___ DATA EXTRACT ___

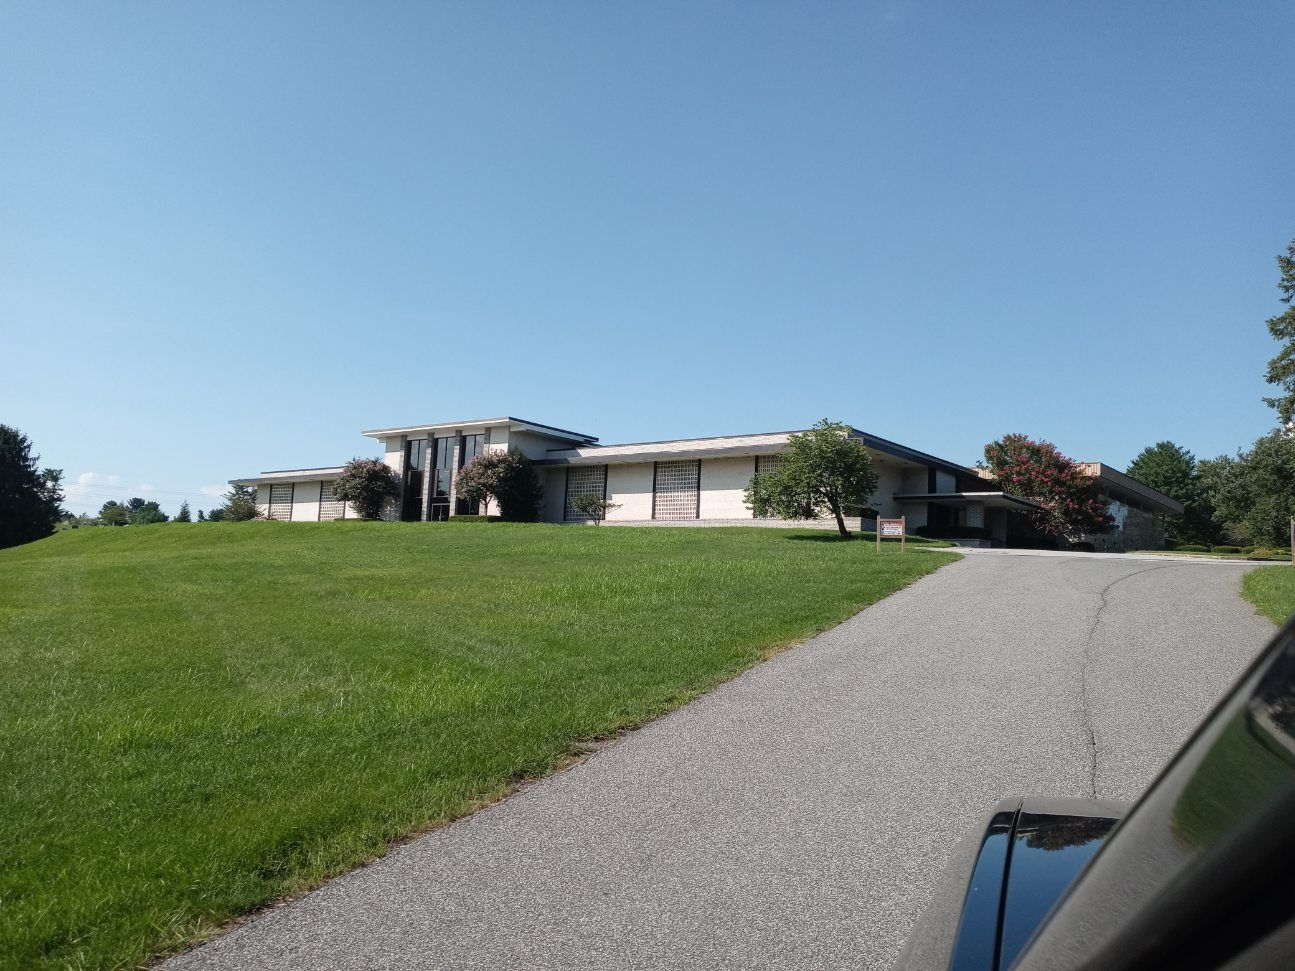 150162781ecd6871ec4ebf7a6feb7fa5 - Chapel Lawn Funeral Home And Memorial Gardens
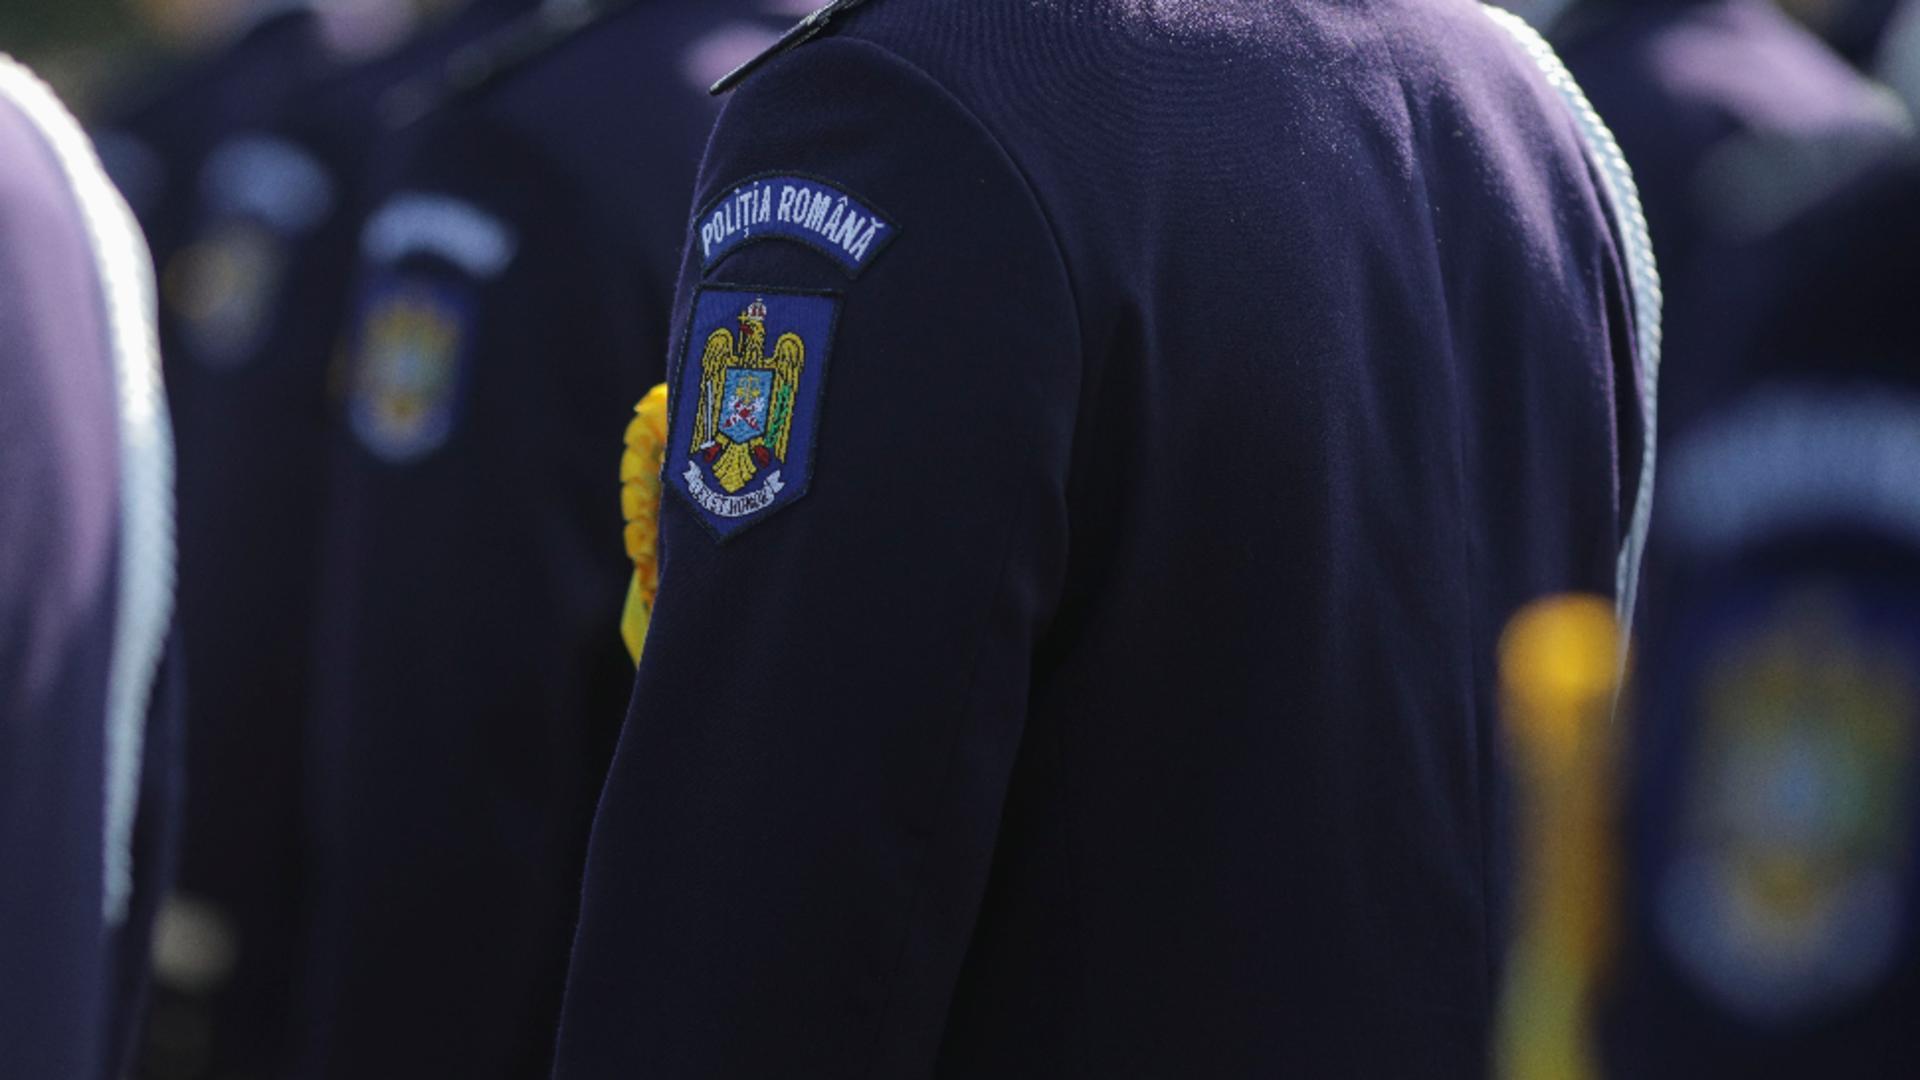 Trei dintre polițiștii care au torturat doi bărbați au fost arestați preventiv / Foto: Inquam Photos, Octav Ganea
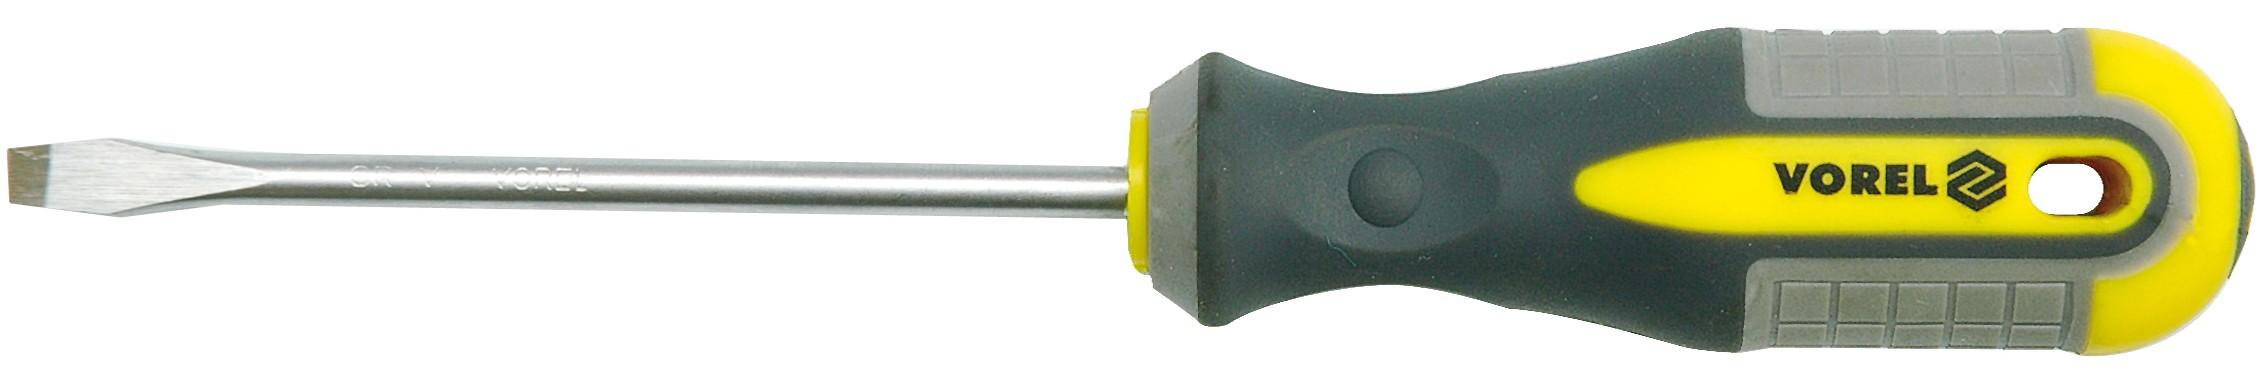 Šroubovák plochý 6 x 200 mm
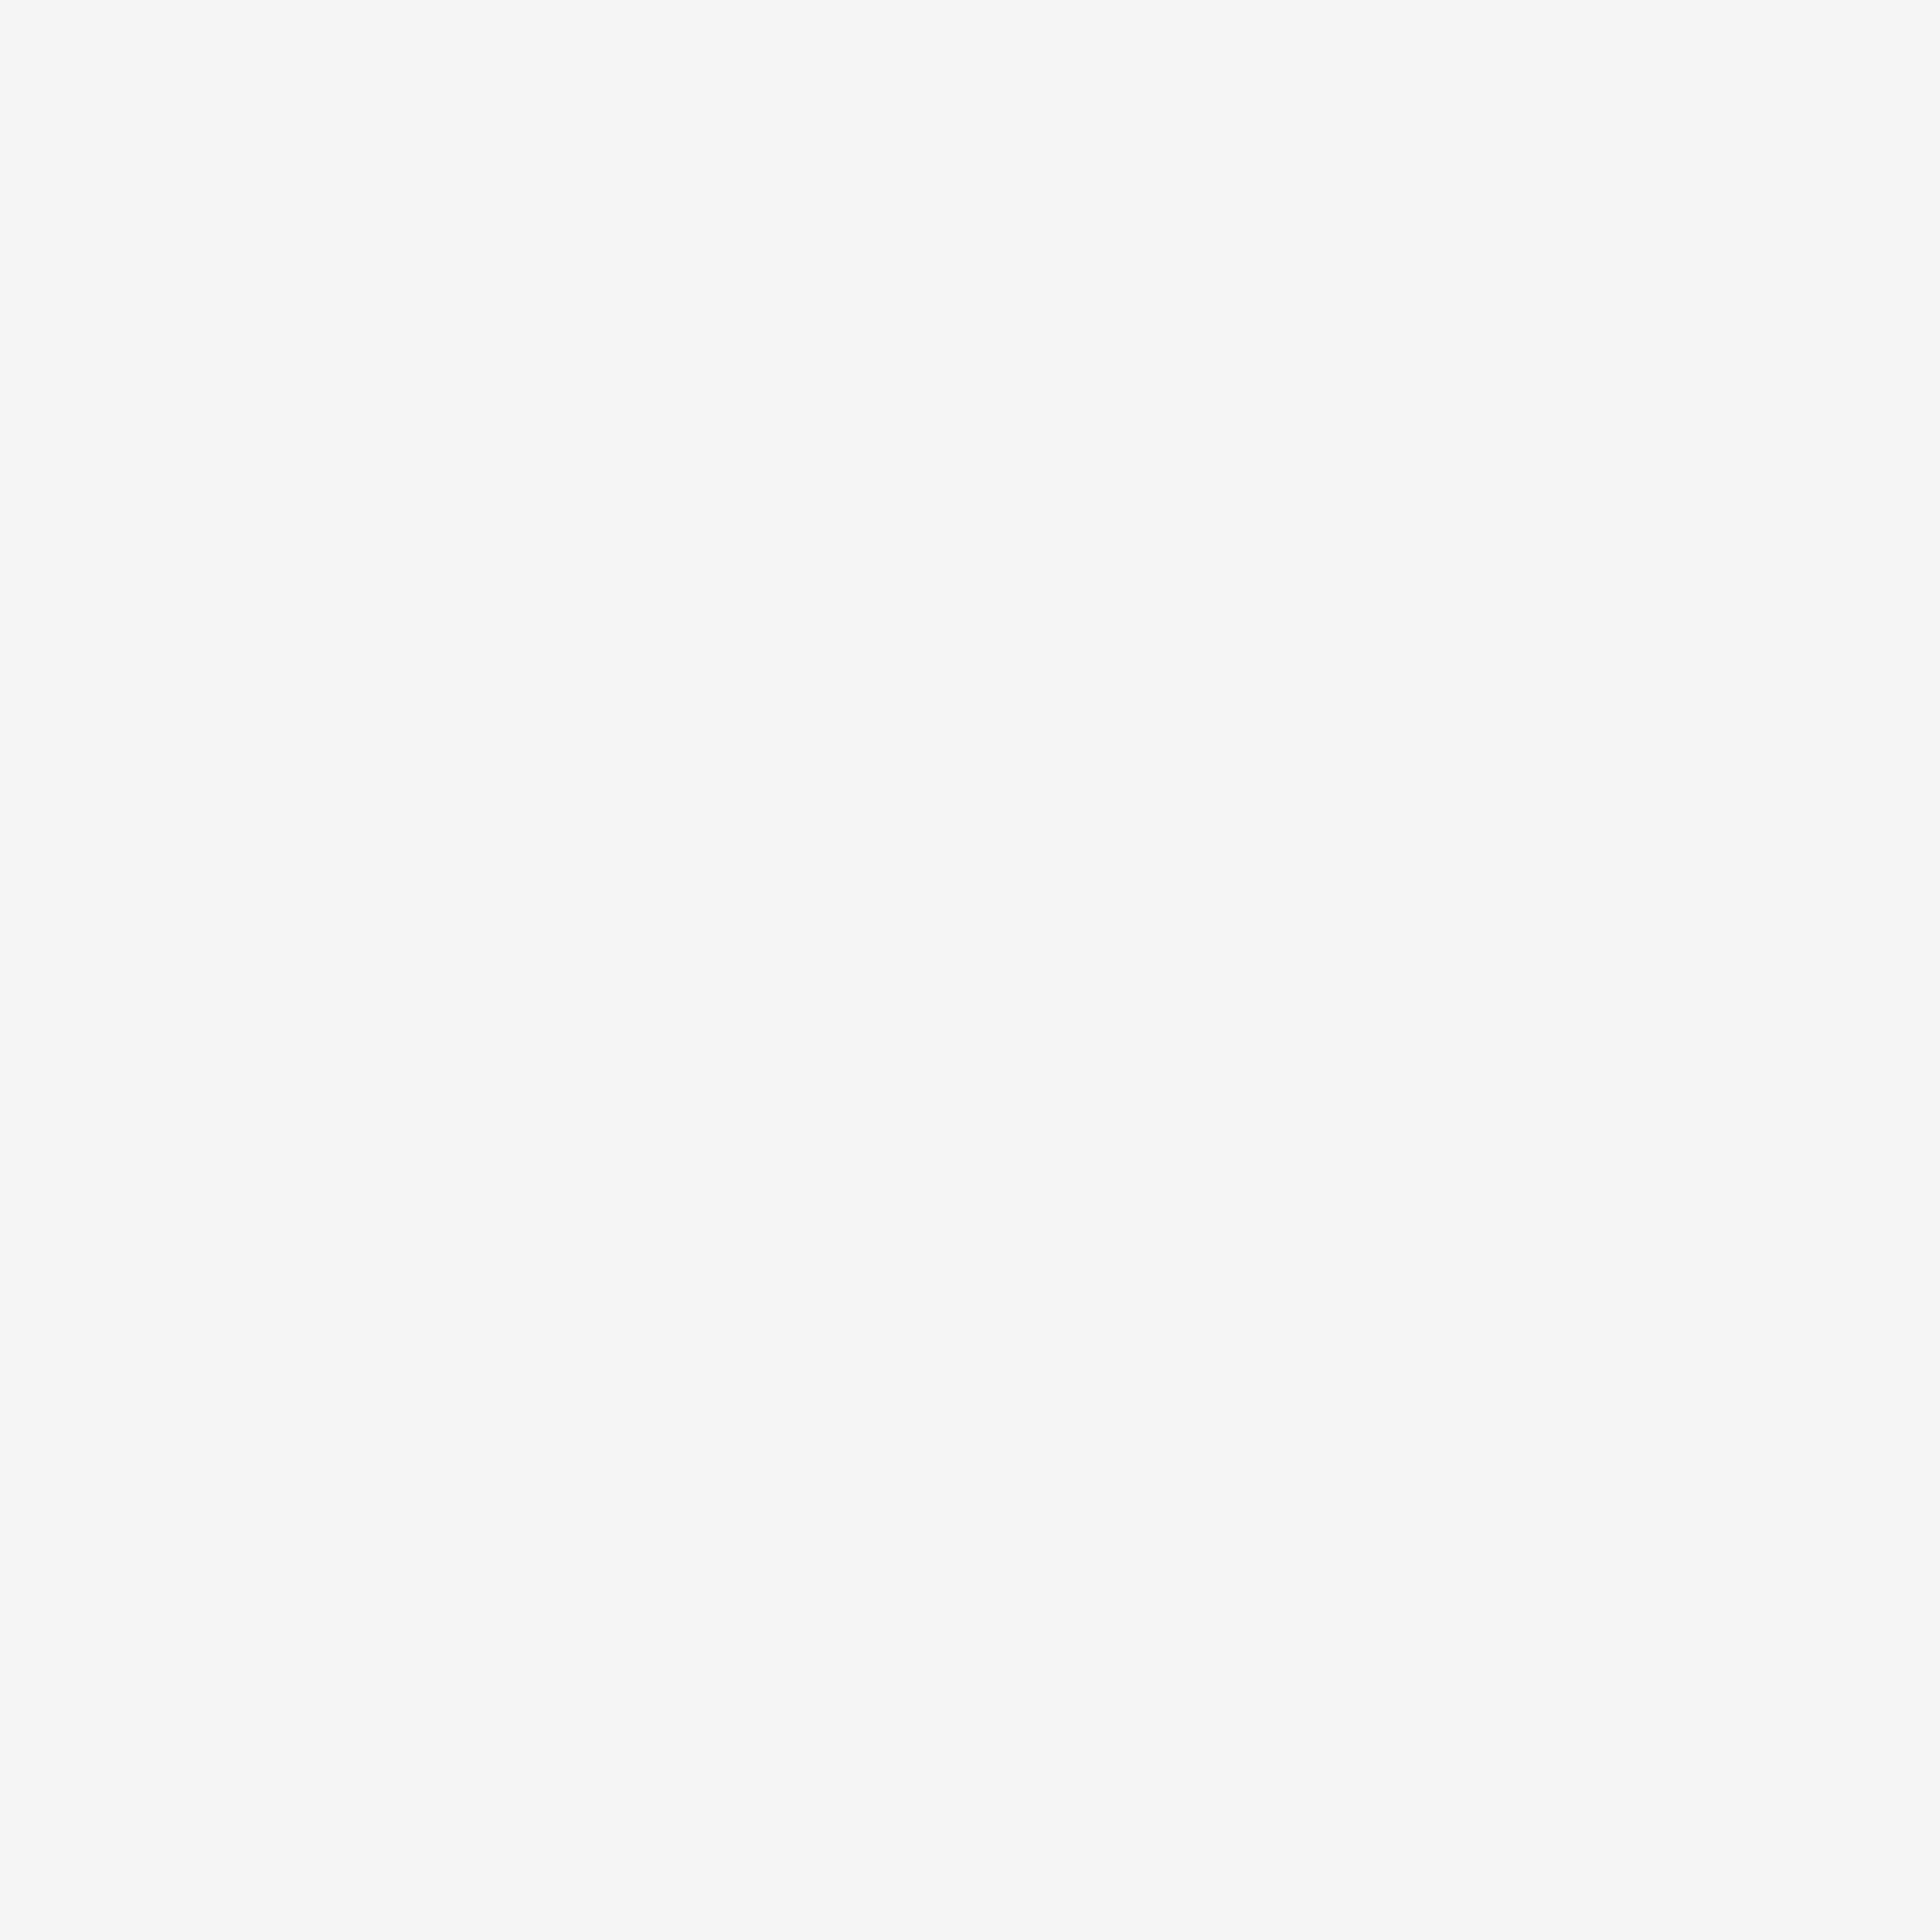 64875b047a1 Nike Flex Essential. 924344 001. Product afbeelding · Product afbeelding ·  Product afbeelding · Product afbeelding

___

WORK TASK
Every line of the material must be repeated exactly; pictures stay out.

OUTPUT FOR THIS TASK
 150162781ecd6871ec4ebf7a6feb7fa5 - Chapel Lawn Funeral Home And Memorial Gardens
 Trei dintre polițiștii care au torturat doi bărbați au fost arestați preventiv / Foto: Inquam Photos, Octav Ganea
 Šroubovák plochý 6 x 200 mm
 64875b047a1 Nike Flex Essential. 924344 001. Product afbeelding · Product afbeelding ·  Product afbeelding · Product afbeelding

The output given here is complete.